Science Fiction Book Review

Heart of the Comet

by Gregory Benford and David Brin
Reviewed date: 2005 Dec 14
Rating: 3
477 pages
cover art

The mission: rendezvous with Halley's Comet, take up residence on the icy rock, and fit the comet with engines. Then spend most of the 76-year round trip in deepsleep, an experimental cryogenics technology. When the comet nears Earth again, use the engines to shift its orbit permanently near Earth, enabling easy access to mine the comet for its resources.

If the crewmen of Halley's Comet survive and succeed, they will have given Earth a gift: the technologies (deepsleep and comet-steering) needed to reach the stars.

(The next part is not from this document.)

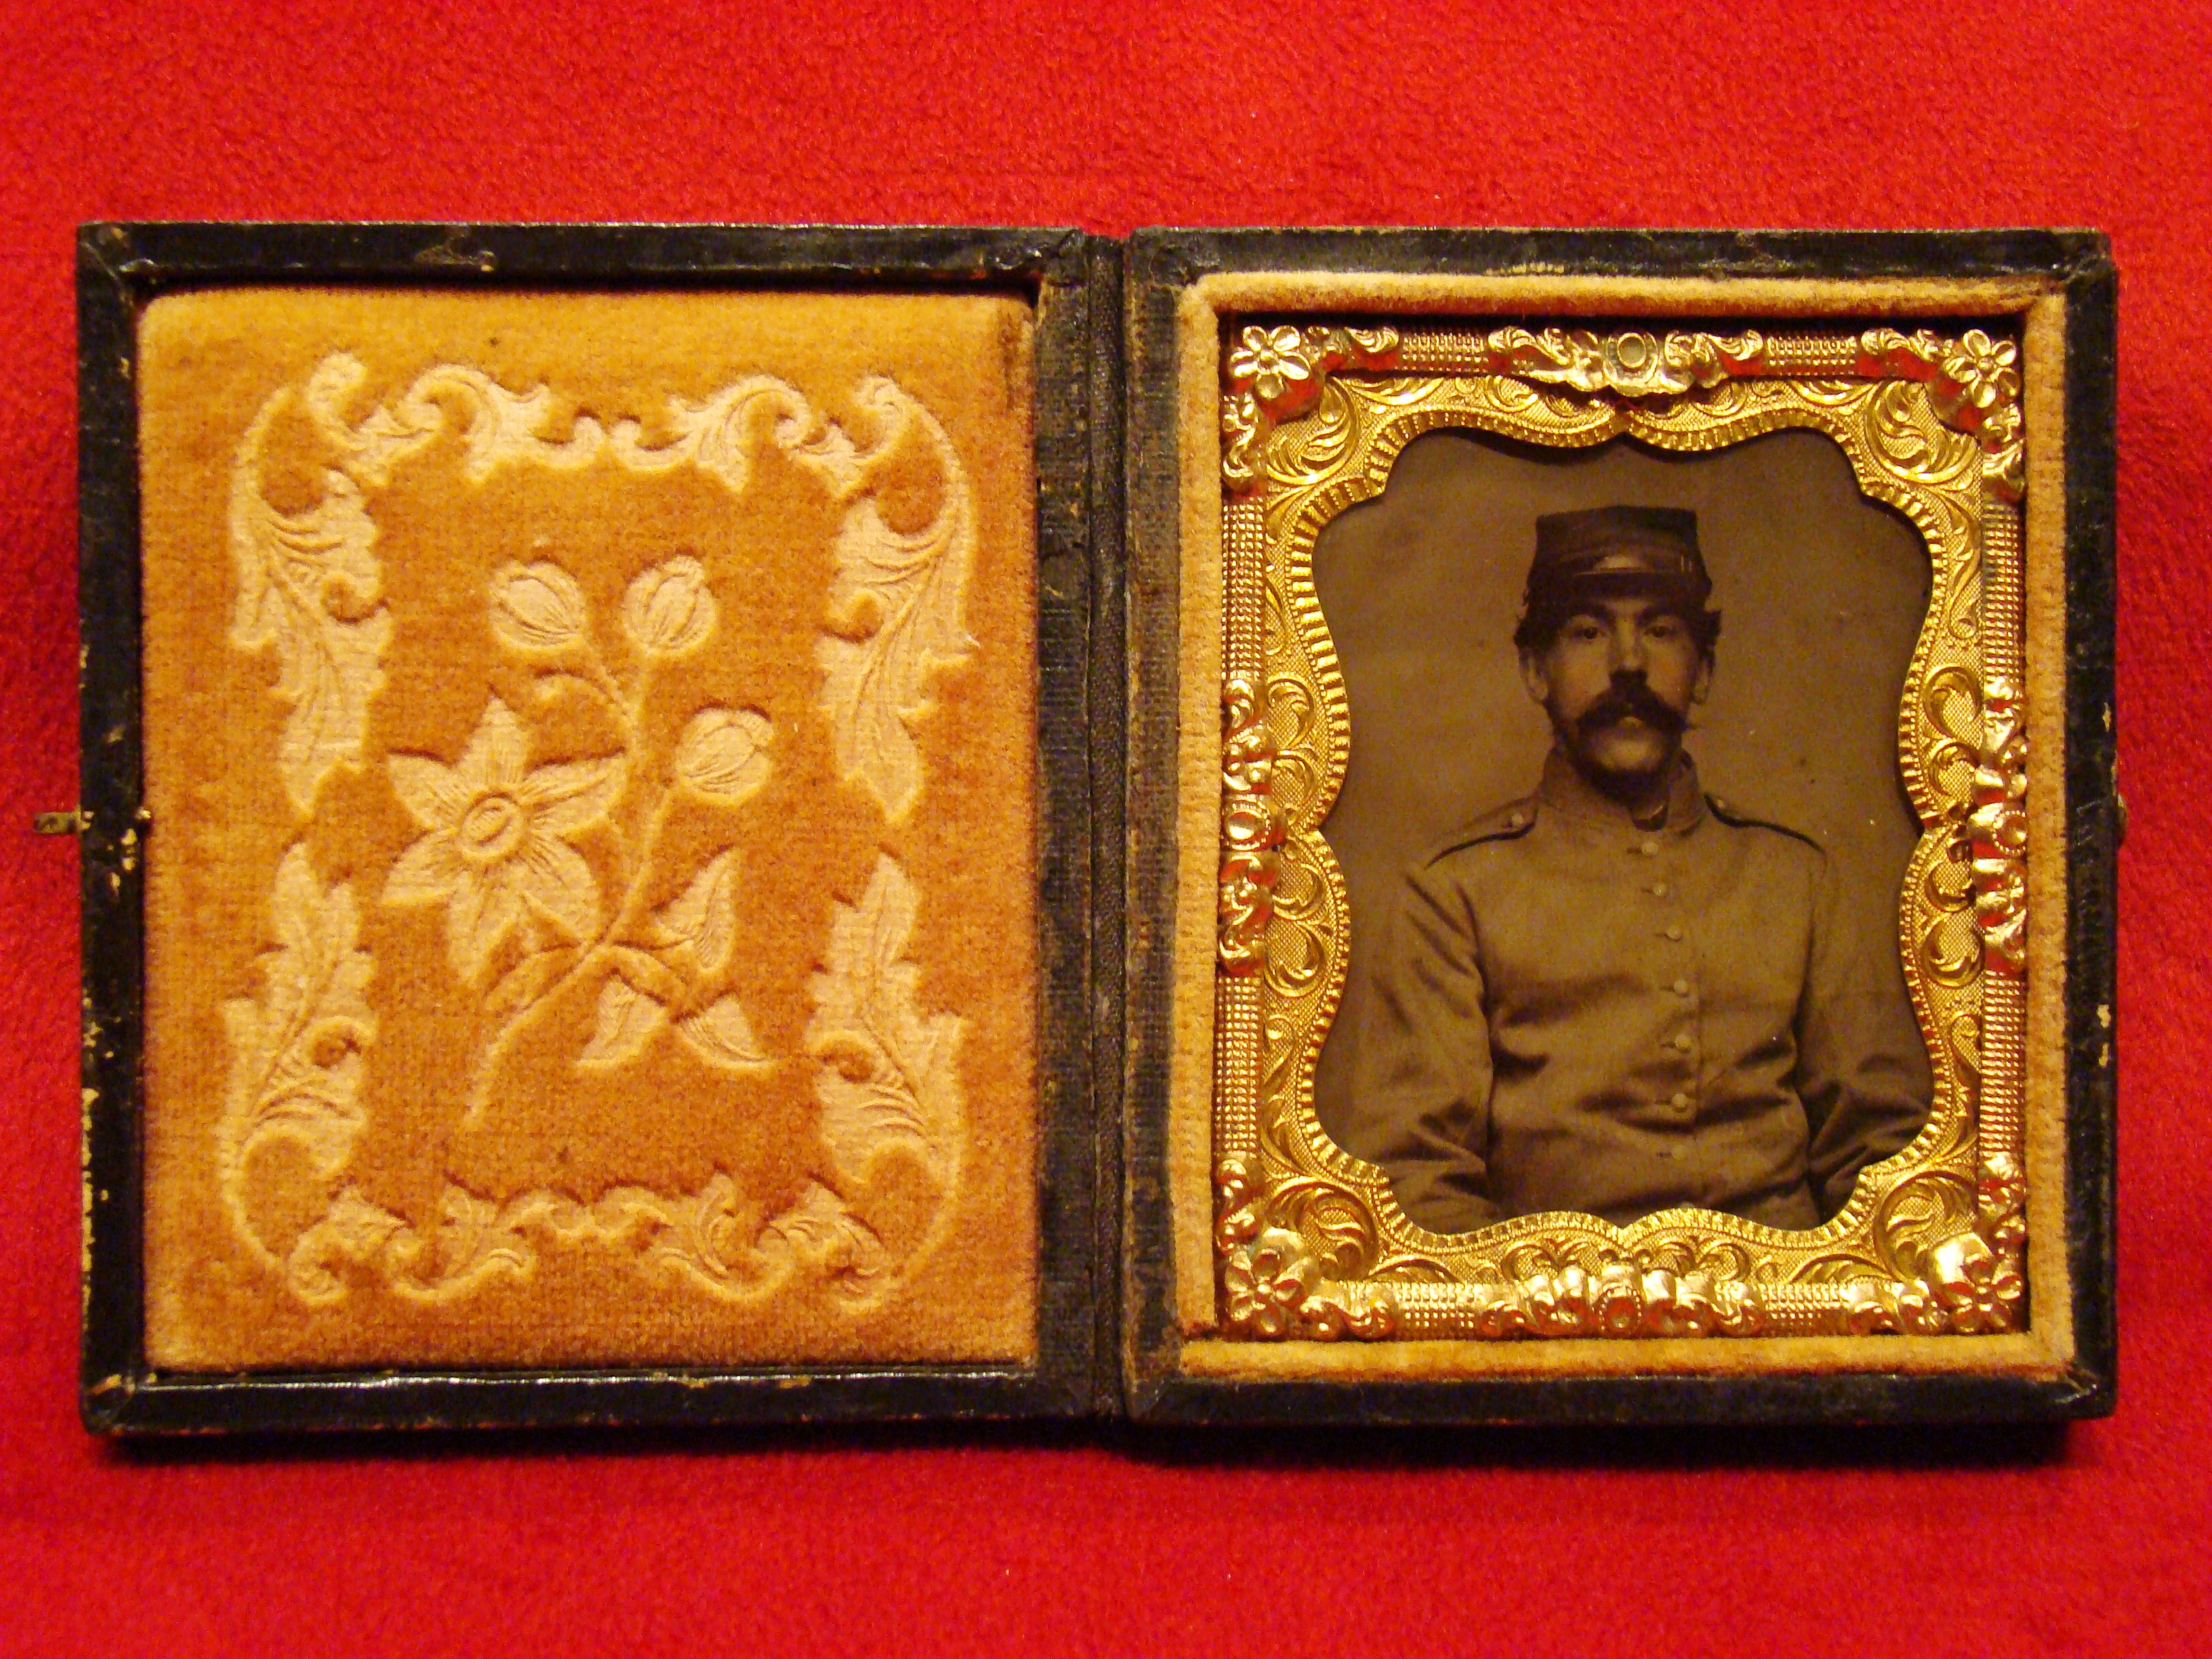 Union Buckles and Plates - Army of Tennessee Relics

Of course trouble starts right away. The crew of several hundred is divided between genetically-enhanced Percells and genetically normal Orthos. The Percells think themselves a sort of Ubermenschen, a better breed of human; the Orthos are suspicious of the Percells and accuse them of plotting a takeover. Expedition leader Carl Osborn (a Percell) soon finds himself the leader of actively warring factions.

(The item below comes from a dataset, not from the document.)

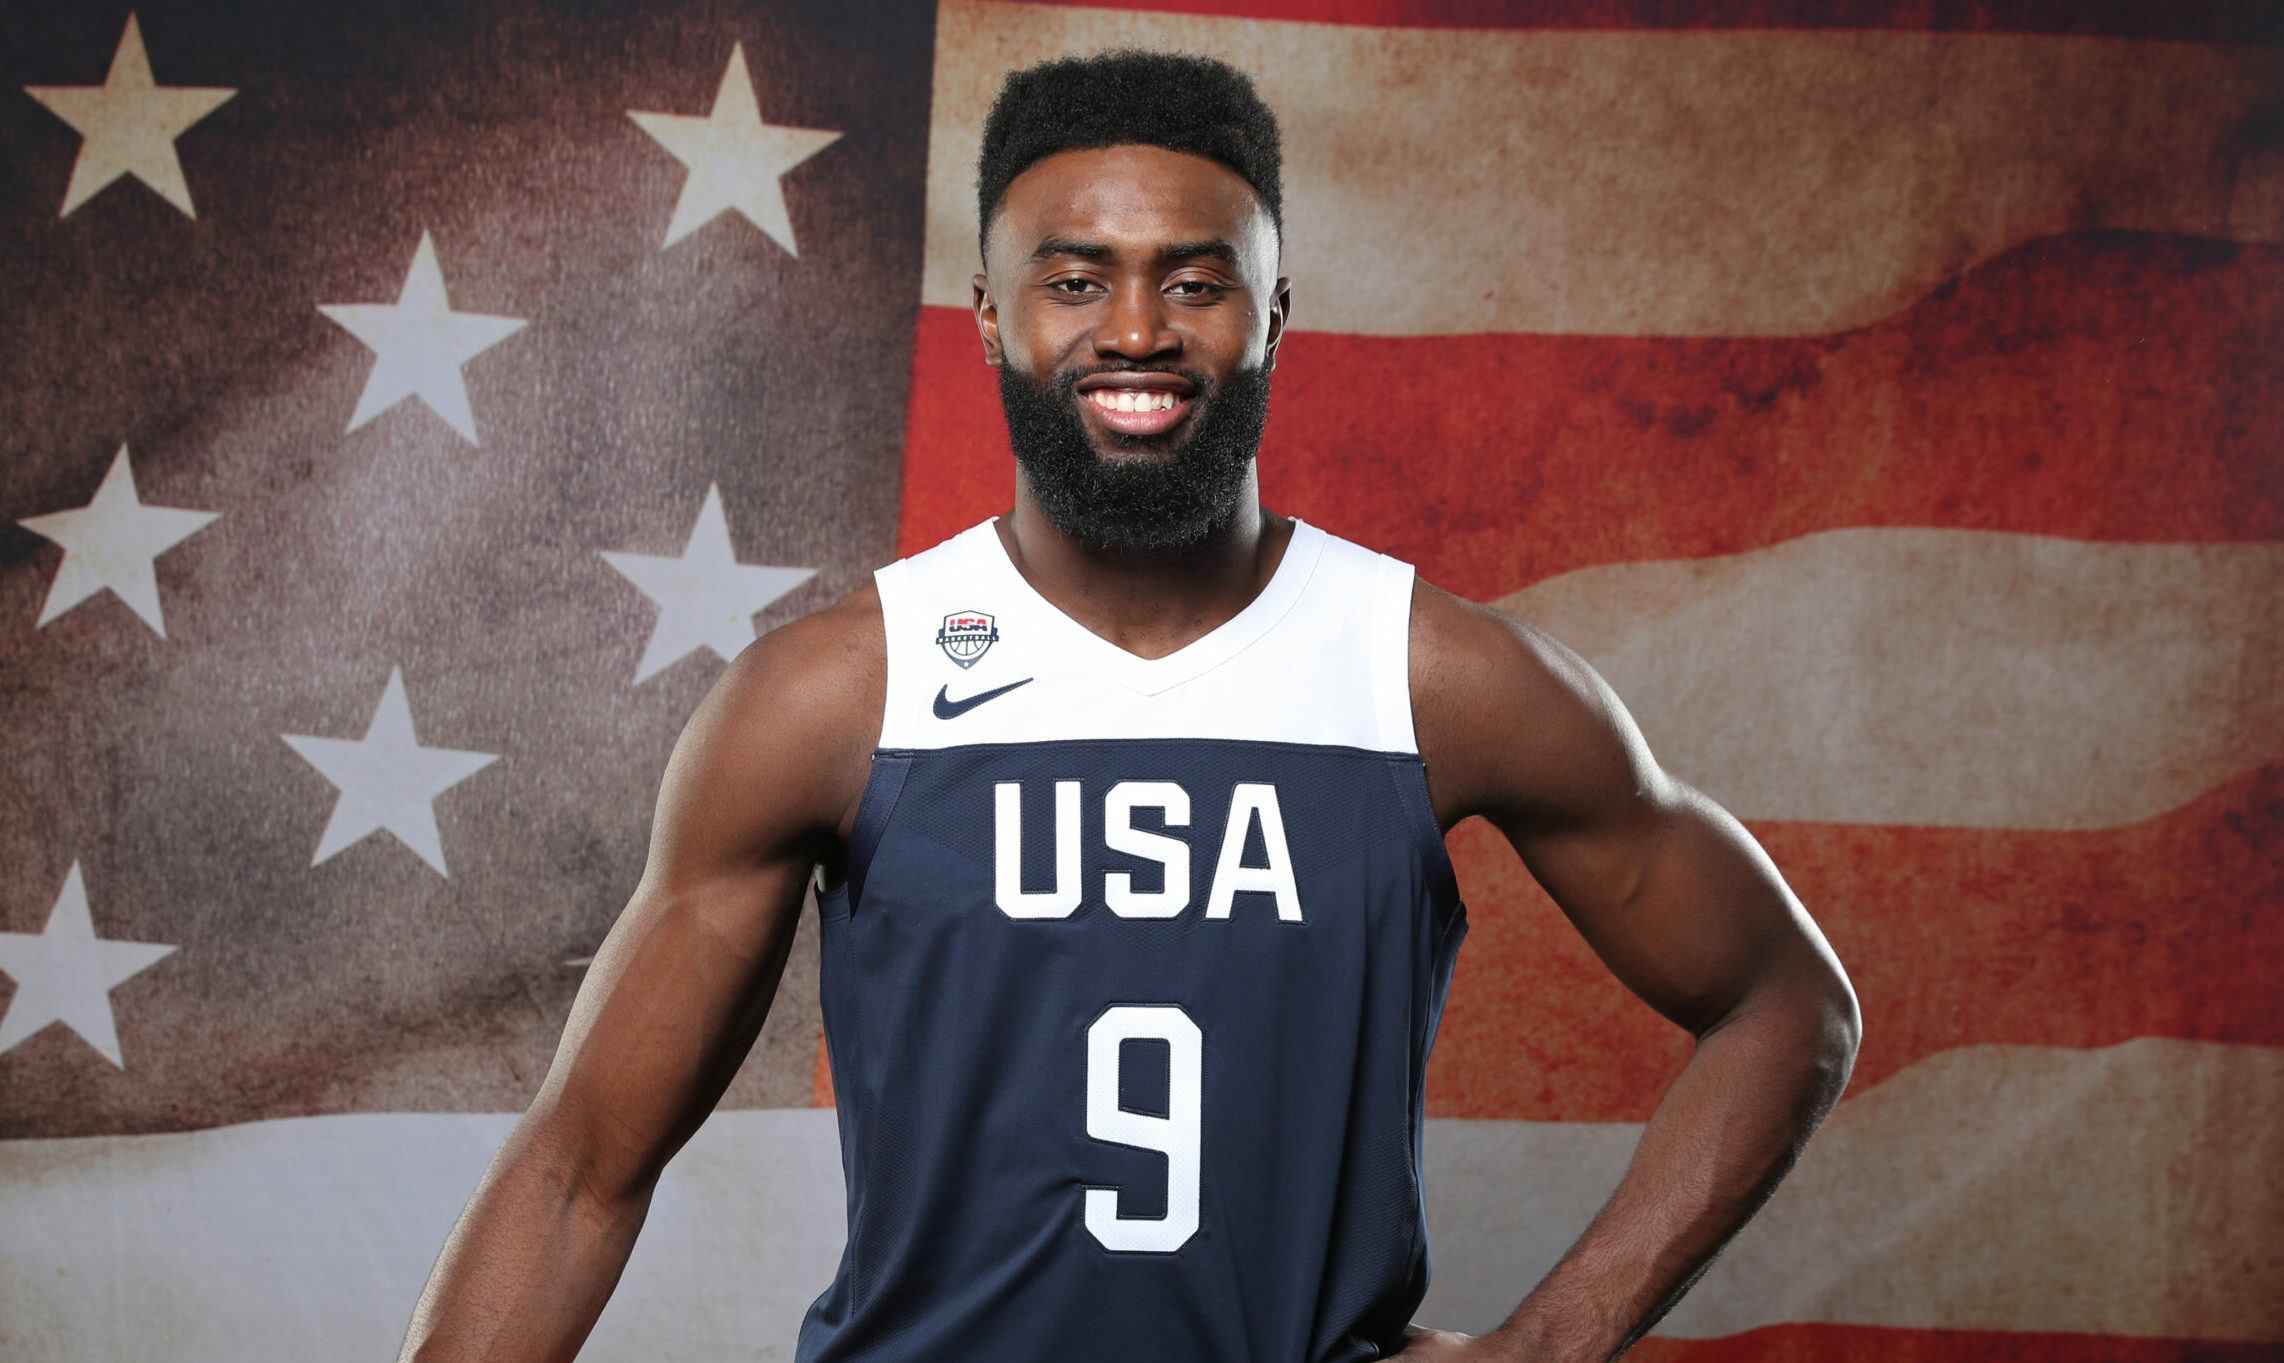 Ballin for a Cause' Jaylen Brown Vows To Use His $300M Contract To

Meanwhile, expedition doctor Saul Lintz has his hands full fighting a series of full-borne disease epidemics that decimate the crew and leave them dangerously undermanned. His lover, computer whiz Virginia Herbert, creates a stochastic computer whose computing power far outstrips anything available elsewhere, which she uses to assist Saul.

As if that were not enough, political changes on Earth result in a government openly hostile to the Halley mission, even to the point of trying to sabotage the mission.

All in all a decent book, if a bit dull at times.